Fuzzy clustering of 627 alcohols, guided by a strategy for cluster analysis of chemical compounds for combinatorial chemistry

A strategy for cluster analysis of chemical compounds for combinatorial chemistry is presented in this paper and applied to a set of 627 alcohols. The alcohols are characterised by 50 semi-empirical descriptors and the resulting 627×50 table was compressed by PCA. The method used to investigate the groupings was fuzzy clustering, using the fuzzy c-means algorithm. This technique allows a compound to belong to more than one group. Different values of the fuzziness coefficients were used and two different distances were incorporated in the algorithm, the traditional Euclidean distance and the Mahalanobis distance.
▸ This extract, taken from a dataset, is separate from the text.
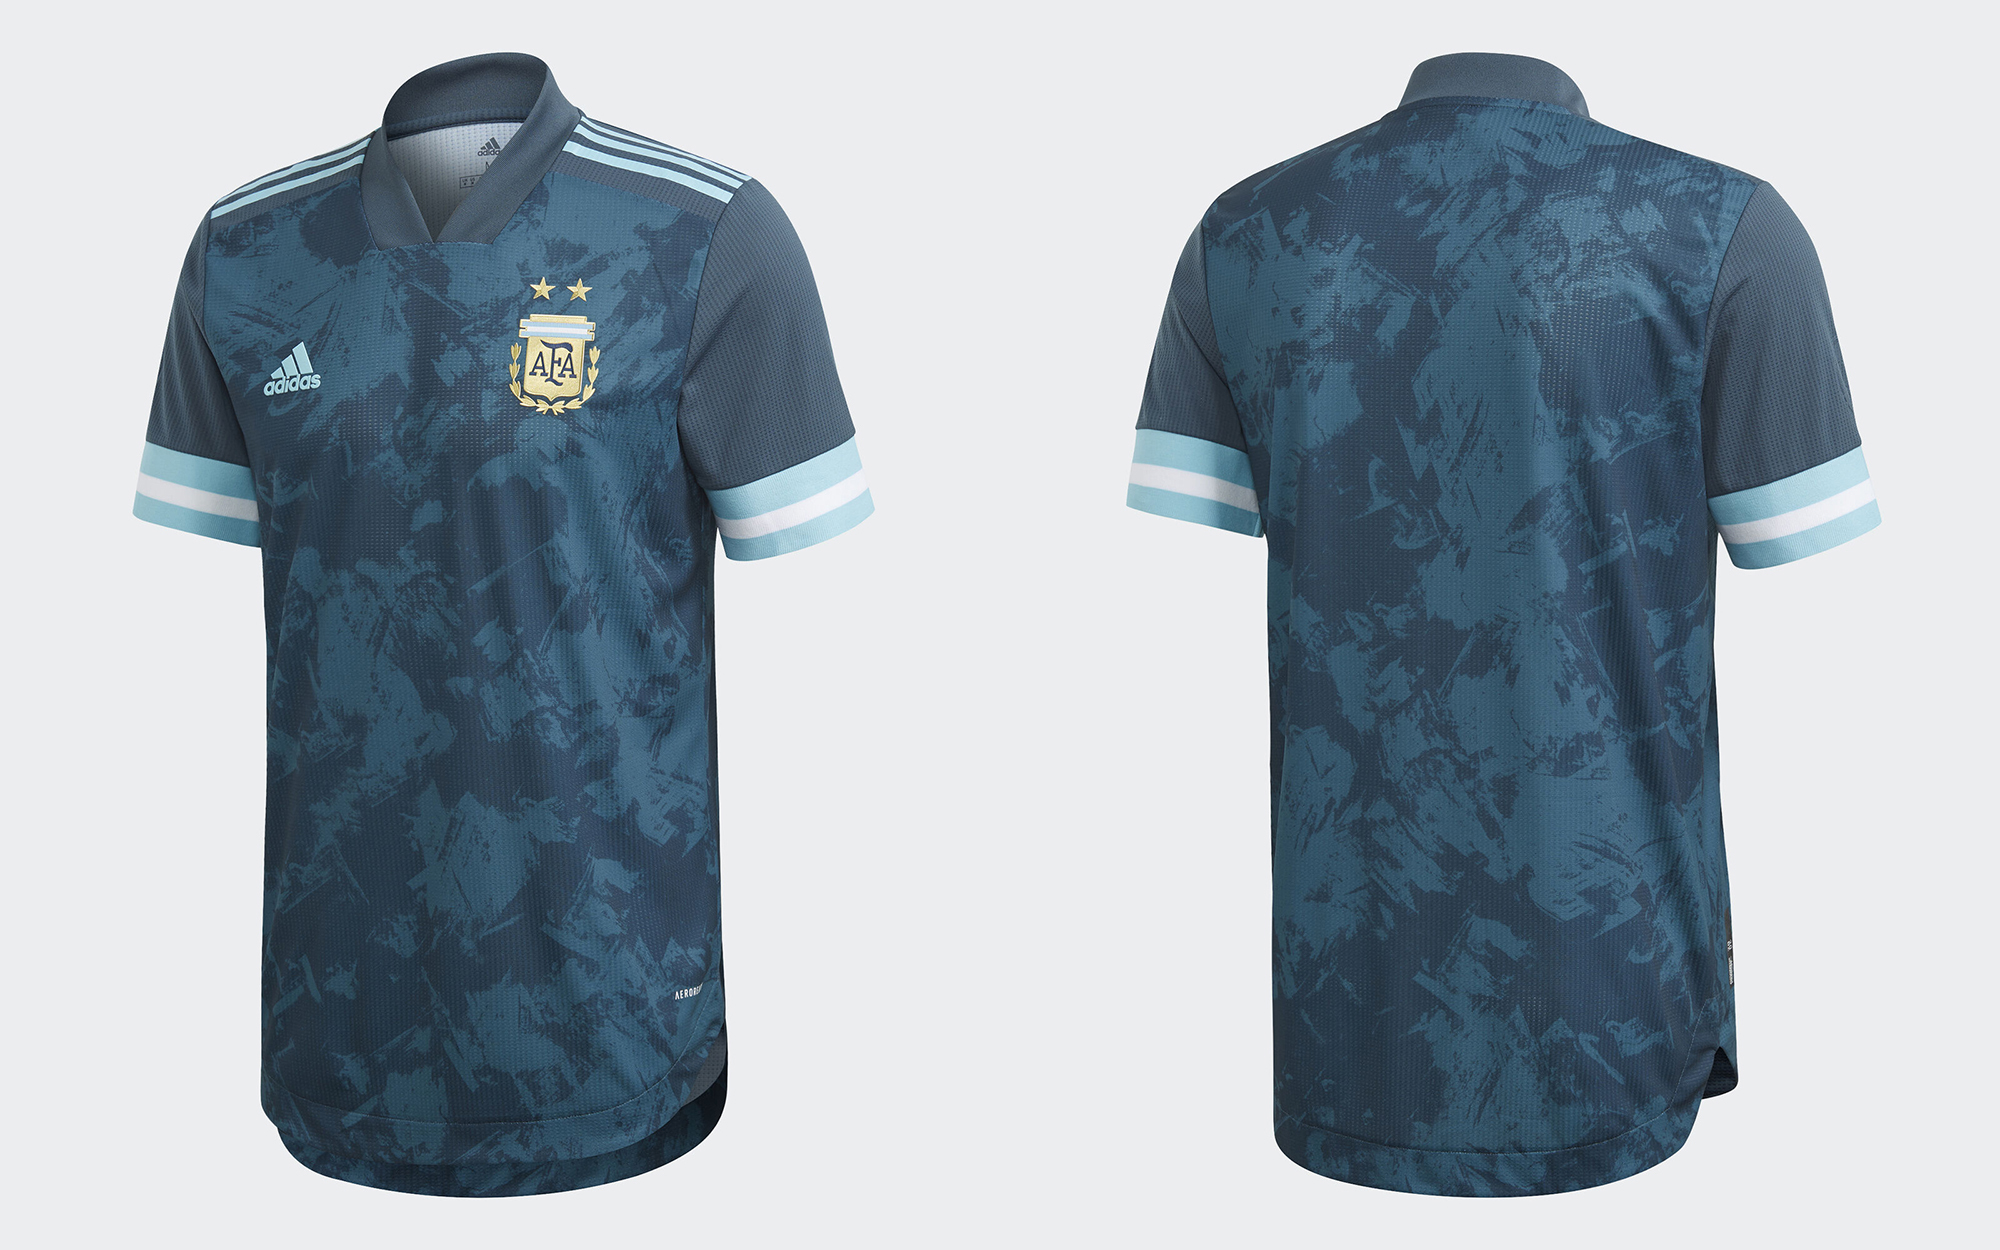 Camisetas_de_Futbol_Argentina_2020_1.jpg
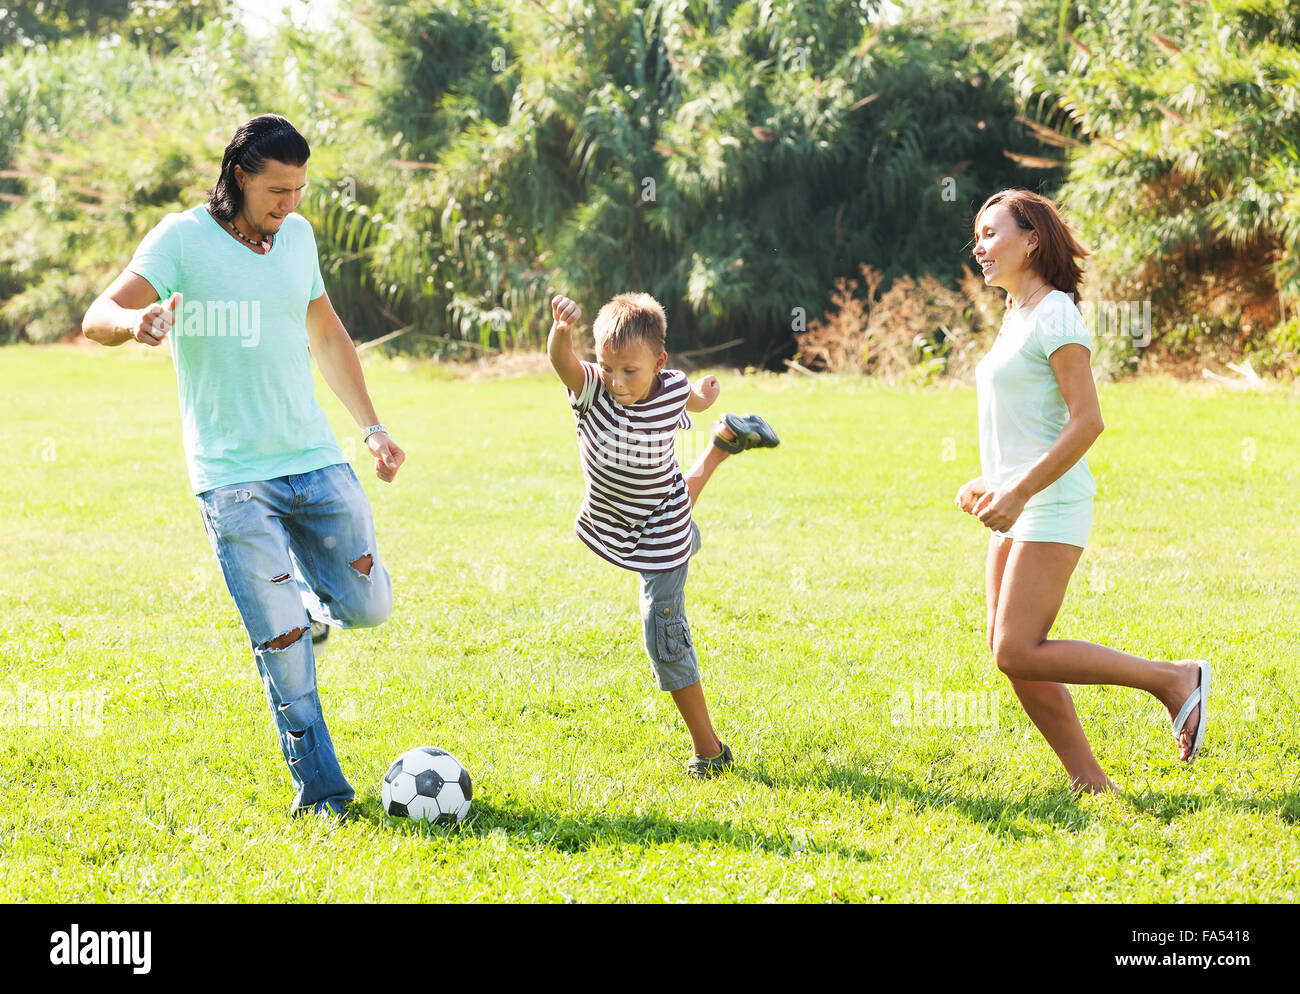 Paar mittleren Alters und Teenager spielen mit Fußball im Sommerpark Stockfoto

The latter takes correlations within a group into account and can hence deal with elongated clusters. The resulted membership matrices were validated by PLS regression. The models created were used to verify statistical and chemical relevance of the formed clusters. The results showed that the Mahalanobis distance and a fuzziness coefficient of 1.2 should be used for an optimal clustering. The coefficients from the PLS models were further used for chemical interpretation of the groups. The four groups were chemically interpretable and consistent. The first group contained large flexible molecules, the second contained more polar compounds, the third contained molecules with two or more aromatic rings fused together, and the forth contained small and relatively reactive molecules. Molecules that did not fit into any of the groups, i.e., singletons, were flagged as outliers in the PLS models.